The main reason for non-eligibility in both FB and EUC clinics was not having CMD (n = 1704). Even though 99 participants reported hallucinations and 144 reported suicidal ideation when screened for CMD at baseline, none of these patients were deemed to have suicidal intent or psychotic symptoms by the study psychologist and thus we did not exclude any participants due to psychiatric reasons. Data on reasons for exclusion was not available for participants screened in the last three months of recruitment (May-July 2018), hence they are listed as ‘unknown’ (2.5% of those screened in the FB clinics and 14.0% in the EUC clinics).

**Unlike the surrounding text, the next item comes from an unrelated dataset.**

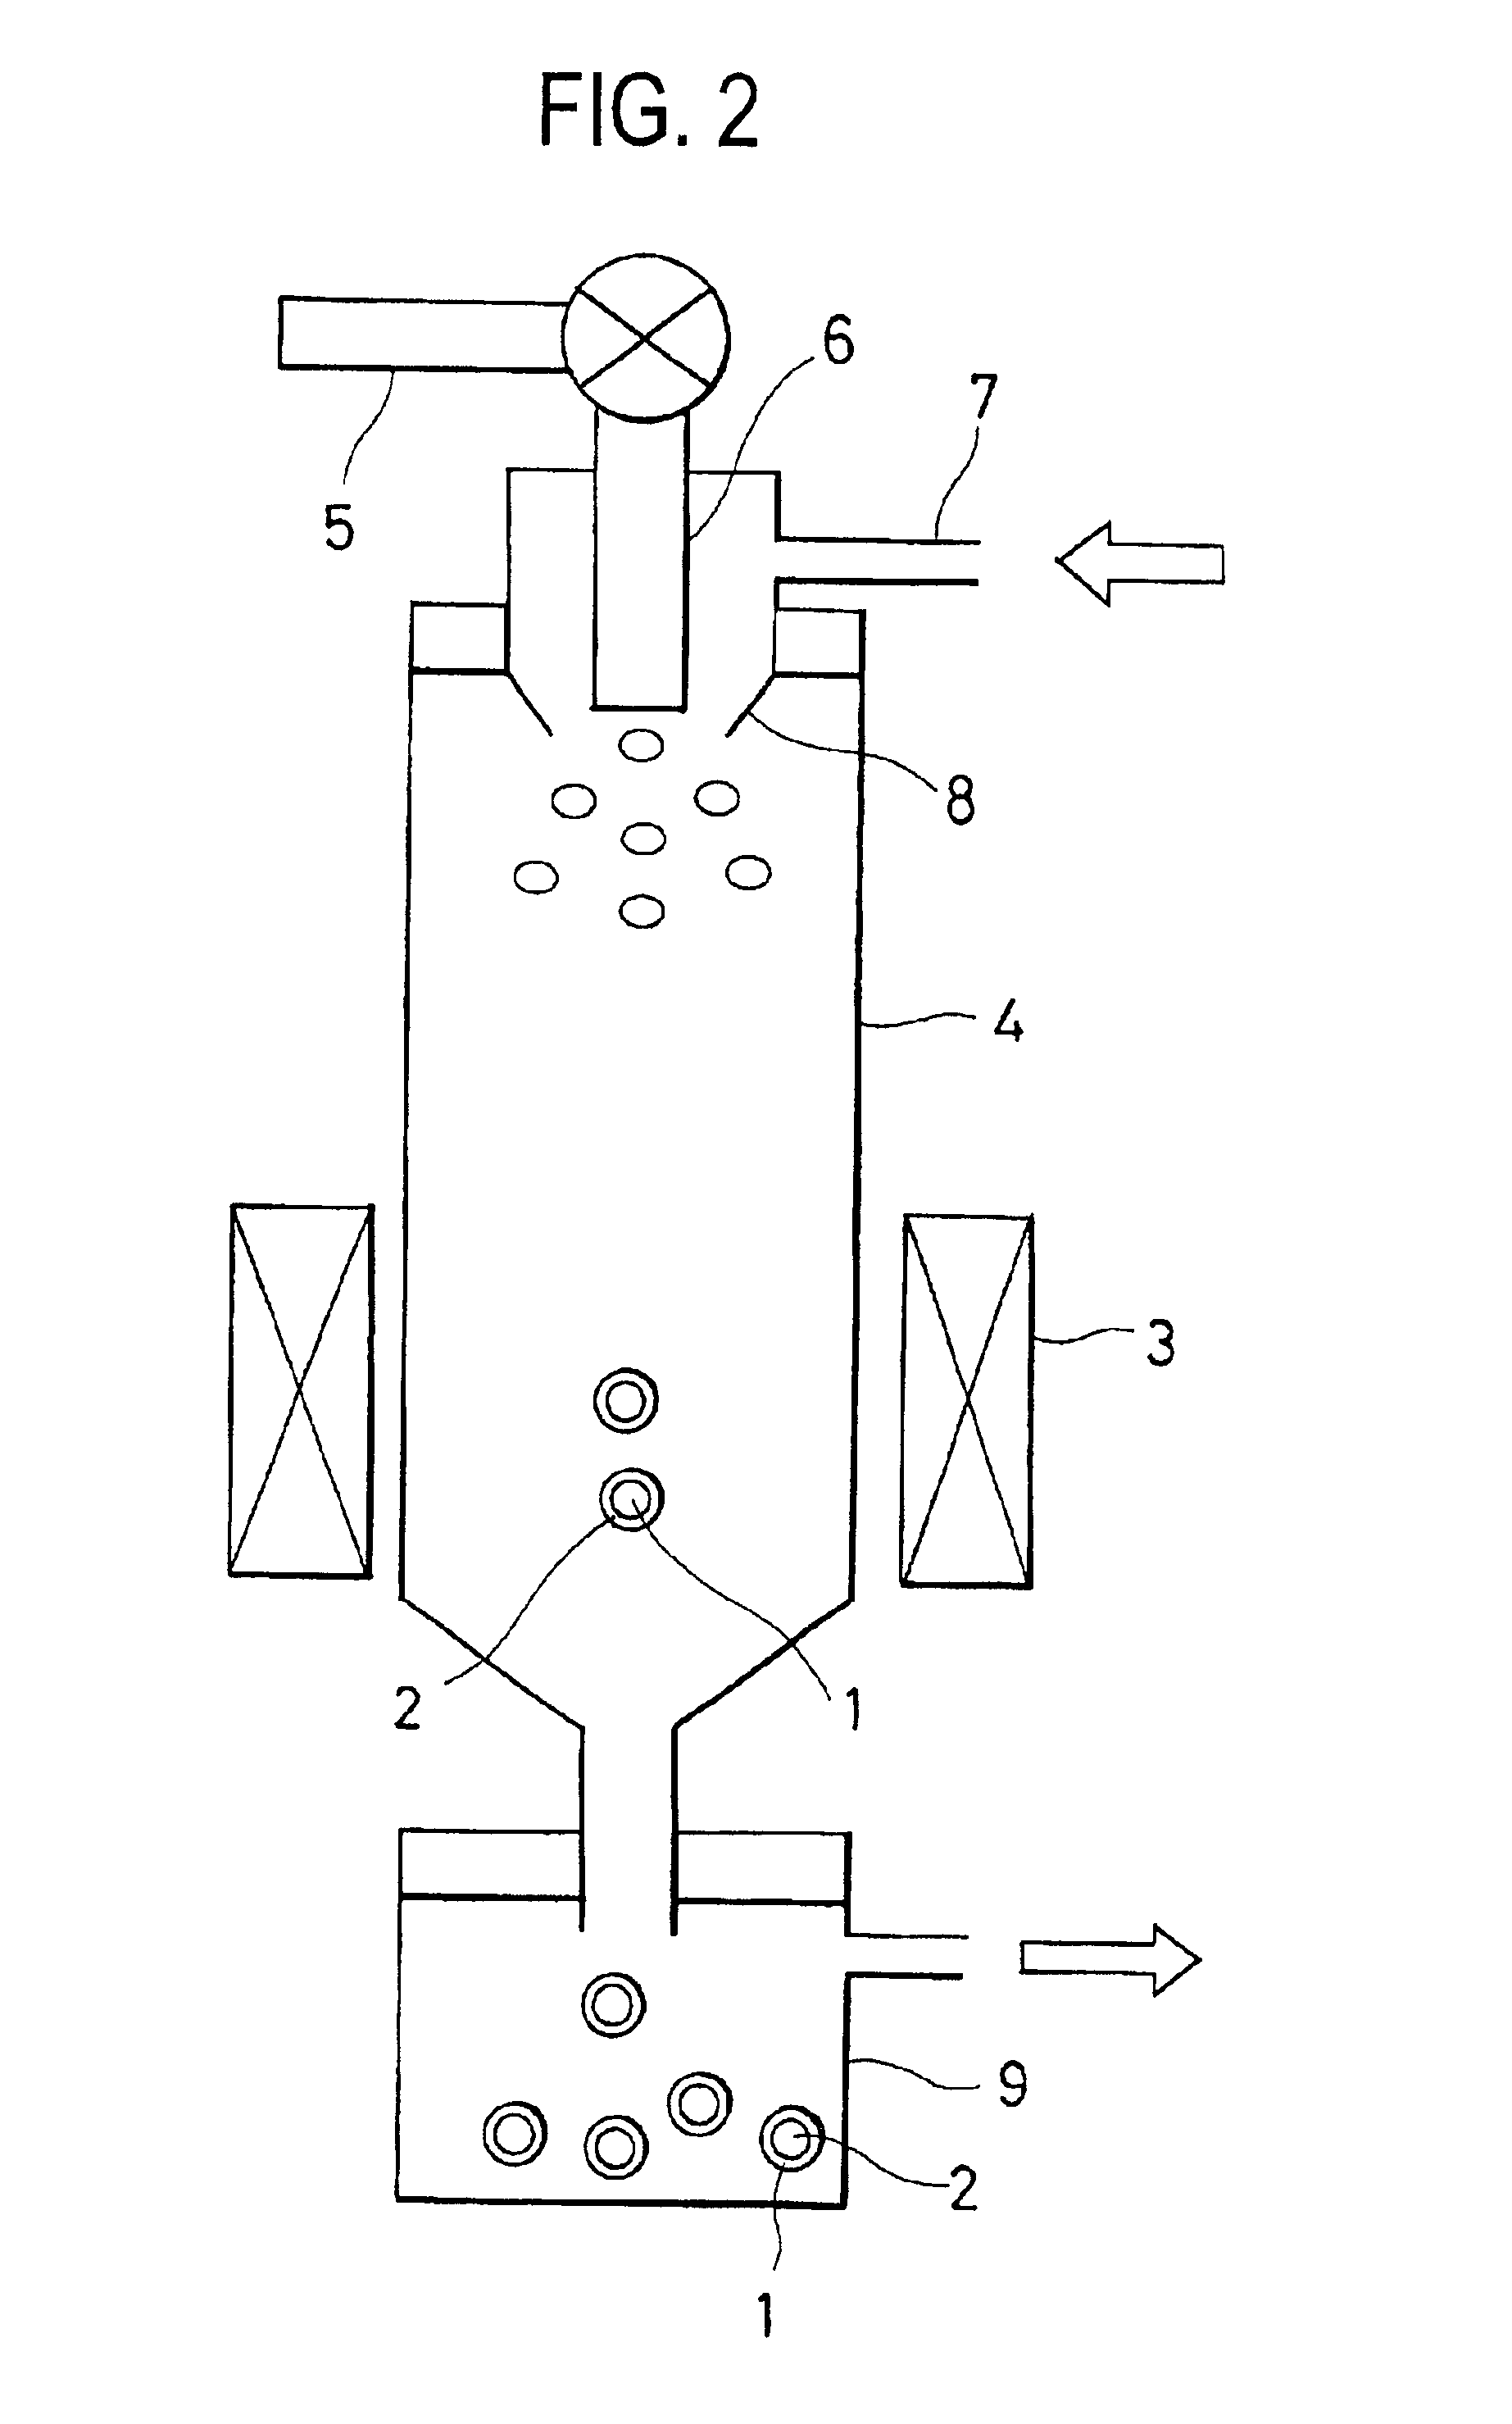 Composite magnetic material and magnetic molding material, magnetic powder compression molding material, and magnetic paint using the composite magnetic material, composite dielectric material and molding material, powder compression molding material, paint, prepreg, and substrate using the composite dielectric material, and electronic part

Overall, 579 participants (82.7%) had viral load test results at both baseline and endline (81.4% and 86.0% in the FB and EUC group, respectively). The most common reason for non-availability of baseline viral loads was collection outside the window period of two weeks post-enrolment. The median duration from enrolment to follow-up viral load test was 6.5 months (IQR 5.3–7.8) in the FB group and 8.1 months (IQR 6.8–11.7) in the EUC group (p<0.001). A total of 568 (81.1%) participants had mental health outcome data at follow-up (81.2% and 81.0% in the FB and EUC groups, respectively). The median duration of follow-up for the mental health outcomes was 6.5 months (IQR 5.2–7.2) in the FB group and 9.5 months (IQR 7.0–12.8) in the EUC group (p<0.001).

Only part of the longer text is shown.